SMU Law Review


This comment examines recent and pending decisions from the United States Supreme Court on abortion issues through the lens of other constitutional rights, namely freedom of speech. For example, the recent Rust v. Sullivan opinion upheld a wholesale federal assault upon the notion of “choice” and “informed consent” by upholding DHHS’s regulations which ban informative and informed discussions of the abortion option in Title X clinics. The result is a physician-patient relationship in Title X clinics that government requires to be half-truthful and inherently misleading. Moreover, the federal government itself was responsible for the creation of that trusting, dependent relationship, and the Title X regulations pervert that relationship at the expense of the woman who is effectively invited by the government to walk into the Title X clinic.

Similarly, the next major abortion controversy to be decided by the Court may well face the same lack of perspective. Although Bray v.
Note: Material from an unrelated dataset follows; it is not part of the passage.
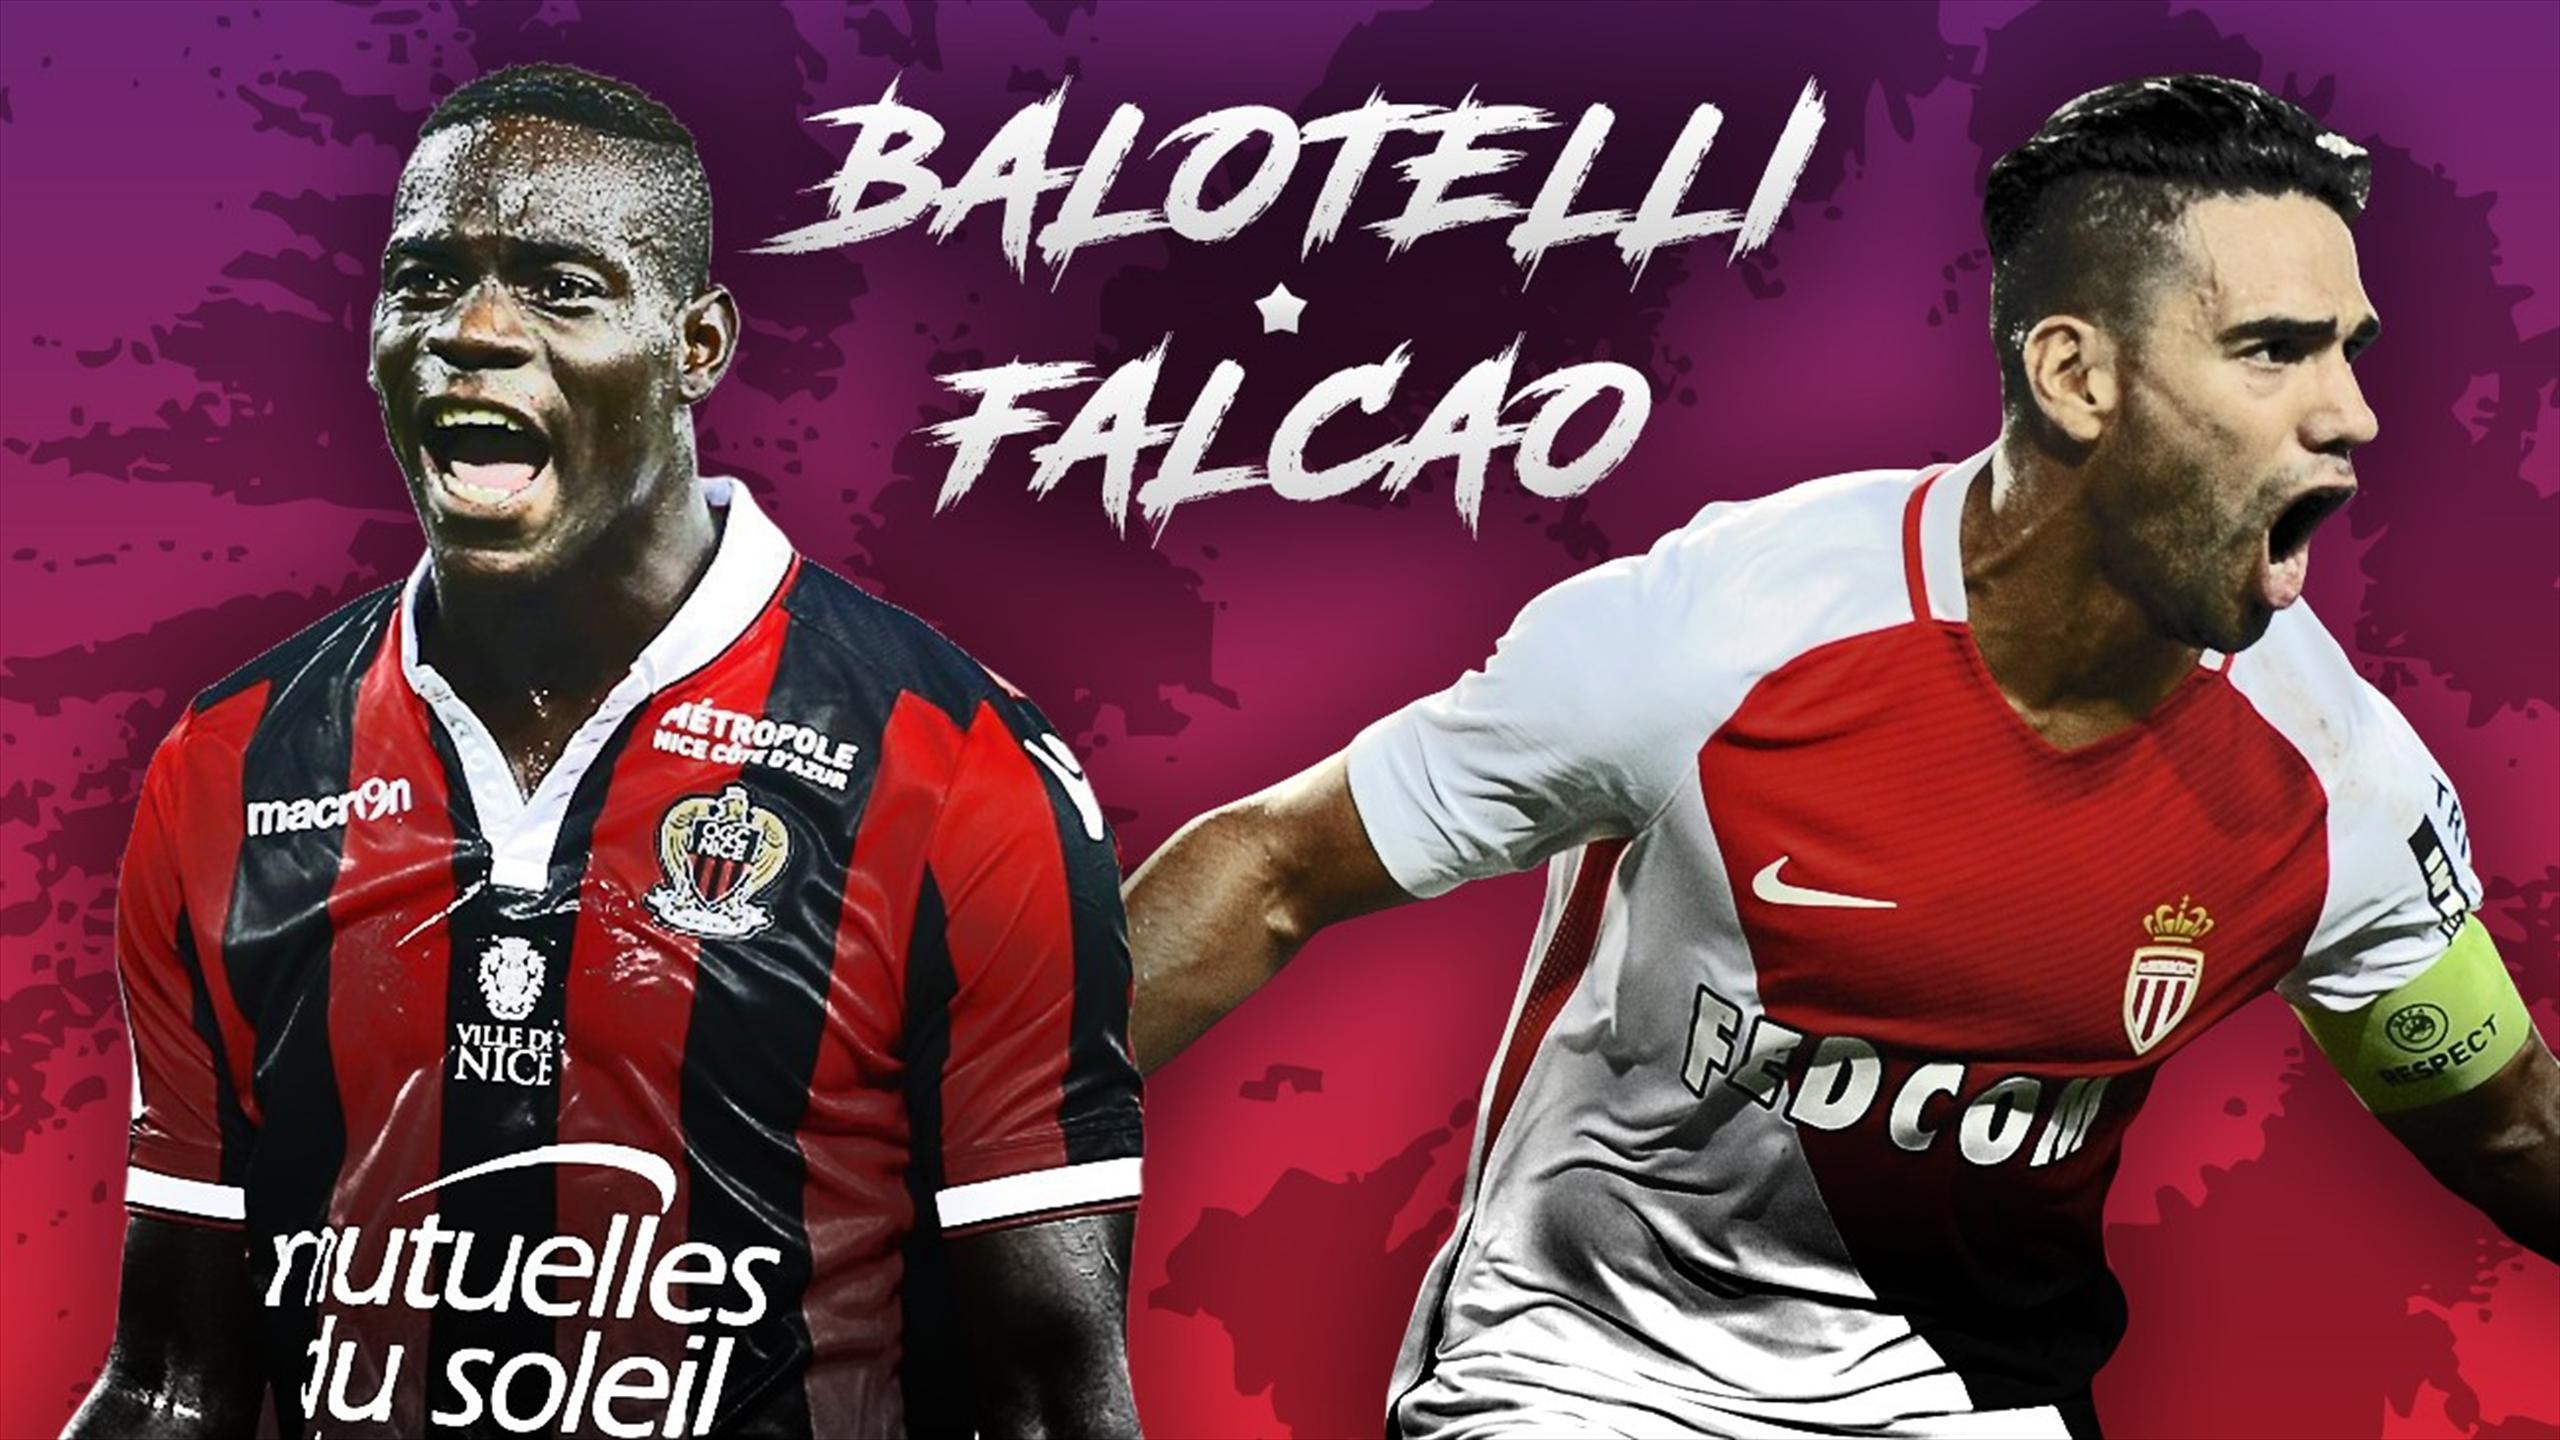 Balotelli et Falcao avant Nice-Monaco

Alexandria Women’s Clinic is about abortion protests, it is not being treated as a case about the law of abortion or the law of protests. The case will not be won or lost on the basis of the constitutional doctrines of privacy under the fourteenth amendment. Instead, the primary issue focuses not on the constitutional right to obtain an abortion but to engage in interstate travel. It would be a denial of reality for the Court to hold that criminal conduct aimed at preventing the exercise of abortion rights is not imbued with sufficient federal interest to warrant the invocation of section 1985(3). It seems unlikely that a majority of the Court will perceive that the case has profound implications for the right to abortion.